セッション記号 A (大気水圏科学) » A-OS 海洋科学・海洋環境

[A-OS07] 季節内から十年規模の気候変動と予測可能性

2019年5月30日(木) 13:45 〜 15:15 105 (1F)

コンビーナ:望月 崇(国立研究開発法人海洋研究開発機構)、V Ramaswamy(NOAA GFDL)、Doug Smith(Met Office)、森岡 優志(海洋研究開発機構)、座長:V Ramaswamy(NOAA GFDL)、望月 崇(海洋研究開発機構)

15:00 〜 15:15

[AOS07-06] 気象研究所における弱結合同化システムの開発とその評価

★招待講演

*藤井 陽介1小林 ちあき1石橋 俊之1高谷 祐平1 (1.気象庁気象研究所)

キーワード:結合データ同化、結合再解析、季節内・季節予報、海面水温、降水

 気象研究所では気象庁の現業システムを用いて弱結合同化システムMRI-CDA1の開発を行っている。MRI-CDA1は数値天気予報用の4次元変分法(4DVAR)全球大気データ同化システムと季節予報用の3次元変分法全球海洋データ同化システム、大気海洋結合モデルで構成される。
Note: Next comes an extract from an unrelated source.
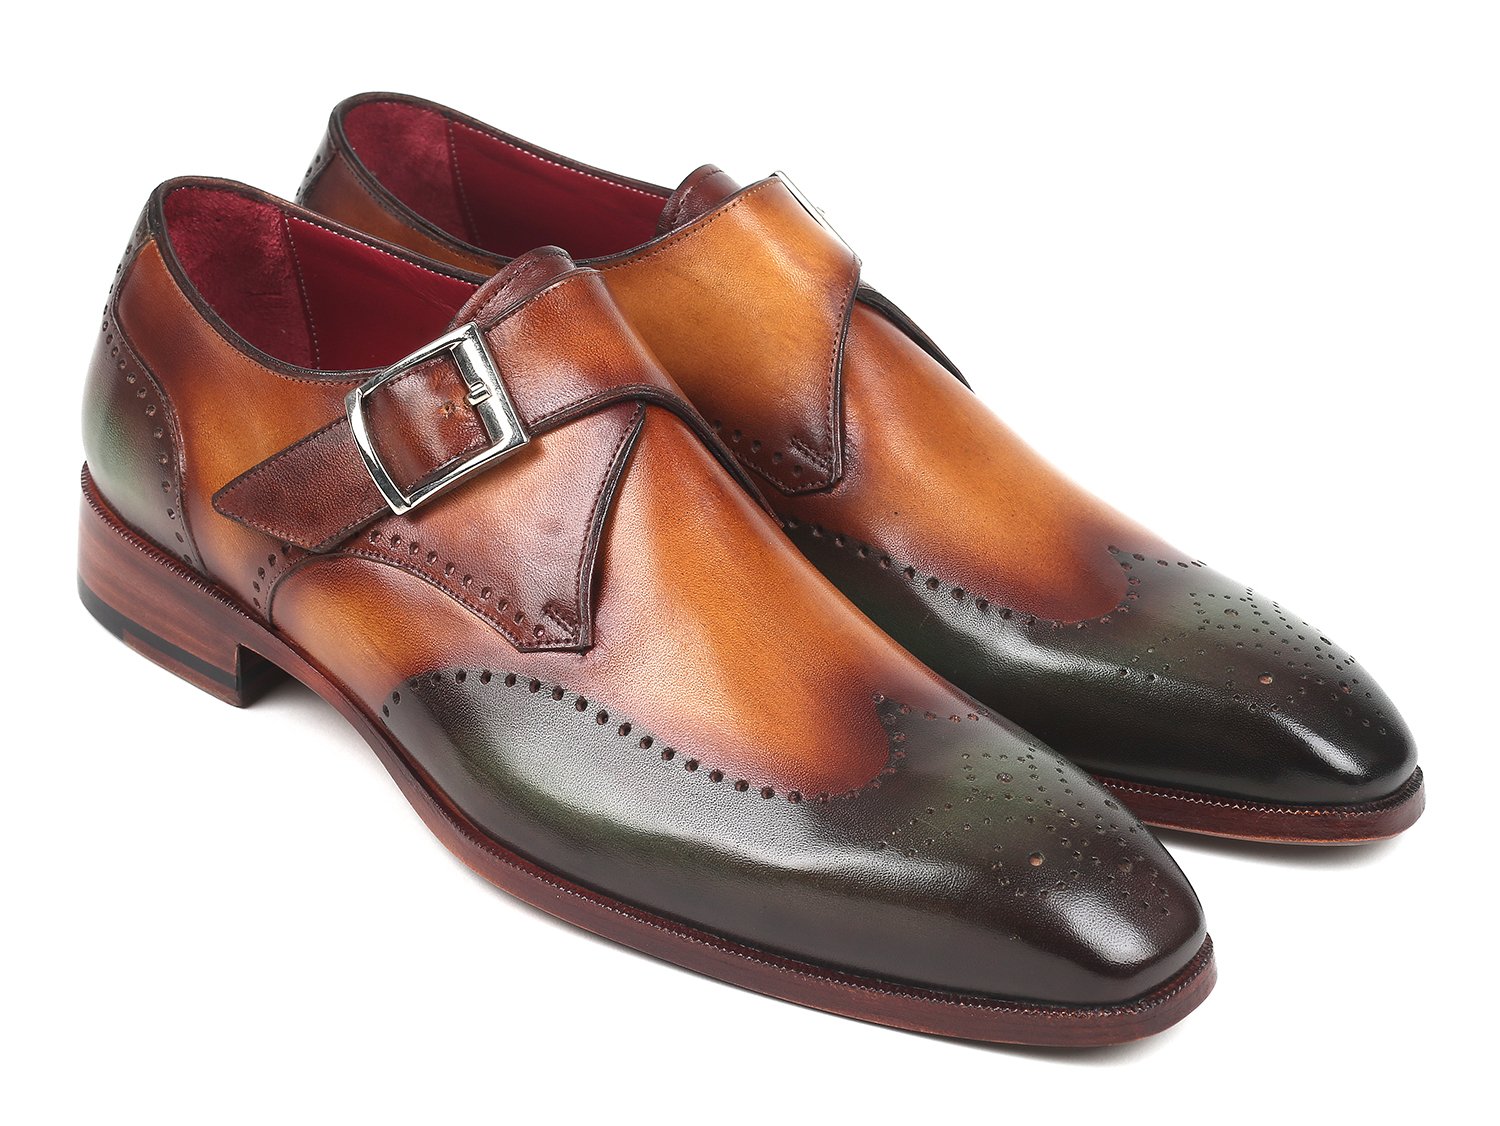 Paul Parkman "944-GRN-CML" Green / Camel Genuine Leather Monkstraps Shoes.

大気の4DVARデータ同化ルーチンにおいて、結合モデルはアウターループとして用いられが、インナーループでは非結合の大気モデルが用いられる。大気の4DVAR解析は6時間のサイクルで実行される一方、海洋解析は10日毎に実行され、海洋インクリメントがアウターループにおける結合モデルの積分時に適用される。
 上記システムの検証のため、結合再解析実験を2013年1月から2015年12月にかけて実施したところ、気象庁55年再解析(JRA55)で見られた北太平洋の熱帯収束帯(ITCZ)などの降水過多が、結合再解析では解消することが確認された。また、結合再解析では、非結合の再解析では再現されない海面水温と降水量のラグ相関関係が正しく表現されていた。しかし、降水変動が改善するのは、大気について衛星データを除く従来型のデータのみを同化した場合のみであり、衛星データも同化した場合は、海洋同化で再現された海面水温に大気場が適応するのではなく、データ同化で決められた大気場に合うように海面水温の方が調節を受けていた。その他、大気の観測誤差共分散を大きく設定した実験も実施していて、元の設定での結合再解析に比べて、熱帯域での降水の変動が概ね改善していることを確認した。